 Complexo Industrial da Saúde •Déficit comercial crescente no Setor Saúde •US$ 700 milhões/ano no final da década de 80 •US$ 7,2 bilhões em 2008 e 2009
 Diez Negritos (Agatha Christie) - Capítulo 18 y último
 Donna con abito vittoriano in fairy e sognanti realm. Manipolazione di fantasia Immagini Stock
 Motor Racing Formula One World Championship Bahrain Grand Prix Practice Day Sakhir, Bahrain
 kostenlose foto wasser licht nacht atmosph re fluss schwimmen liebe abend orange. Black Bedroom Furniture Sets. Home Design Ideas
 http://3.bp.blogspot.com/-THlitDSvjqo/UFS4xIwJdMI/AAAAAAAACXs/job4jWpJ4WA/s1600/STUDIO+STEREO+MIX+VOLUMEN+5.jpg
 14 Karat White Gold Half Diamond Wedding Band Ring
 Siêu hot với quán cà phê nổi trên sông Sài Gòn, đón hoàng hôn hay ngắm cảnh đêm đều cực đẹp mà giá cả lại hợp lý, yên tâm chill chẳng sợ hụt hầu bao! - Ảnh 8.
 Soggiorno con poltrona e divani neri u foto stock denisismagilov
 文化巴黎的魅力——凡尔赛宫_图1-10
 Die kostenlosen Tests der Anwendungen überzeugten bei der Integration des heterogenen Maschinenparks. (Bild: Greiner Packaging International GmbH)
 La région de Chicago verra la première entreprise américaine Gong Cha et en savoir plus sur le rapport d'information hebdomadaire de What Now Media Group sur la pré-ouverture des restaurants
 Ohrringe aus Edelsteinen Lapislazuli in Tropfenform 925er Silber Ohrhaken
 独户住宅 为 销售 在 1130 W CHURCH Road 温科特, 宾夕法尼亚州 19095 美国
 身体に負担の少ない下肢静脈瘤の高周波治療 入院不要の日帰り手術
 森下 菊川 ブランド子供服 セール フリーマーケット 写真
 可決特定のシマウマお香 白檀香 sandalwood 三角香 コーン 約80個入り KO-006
━━━━━━━━━━━━━━━━━━━━━━━━━━━━━━
Repeat exactly the lines above from the one with "kostenlose foto wasser" up to and including the one with "Die kostenlosen Tests". No other line belongs in the reply.

▸ **OUTPUT BELOW**
 kostenlose foto wasser licht nacht atmosph re fluss schwimmen liebe abend orange. Black Bedroom Furniture Sets. Home Design Ideas
 http://3.bp.blogspot.com/-THlitDSvjqo/UFS4xIwJdMI/AAAAAAAACXs/job4jWpJ4WA/s1600/STUDIO+STEREO+MIX+VOLUMEN+5.jpg
 14 Karat White Gold Half Diamond Wedding Band Ring
 Siêu hot với quán cà phê nổi trên sông Sài Gòn, đón hoàng hôn hay ngắm cảnh đêm đều cực đẹp mà giá cả lại hợp lý, yên tâm chill chẳng sợ hụt hầu bao! - Ảnh 8.
 Soggiorno con poltrona e divani neri u foto stock denisismagilov
 文化巴黎的魅力——凡尔赛宫_图1-10
 Die kostenlosen Tests der Anwendungen überzeugten bei der Integration des heterogenen Maschinenparks. (Bild: Greiner Packaging International GmbH)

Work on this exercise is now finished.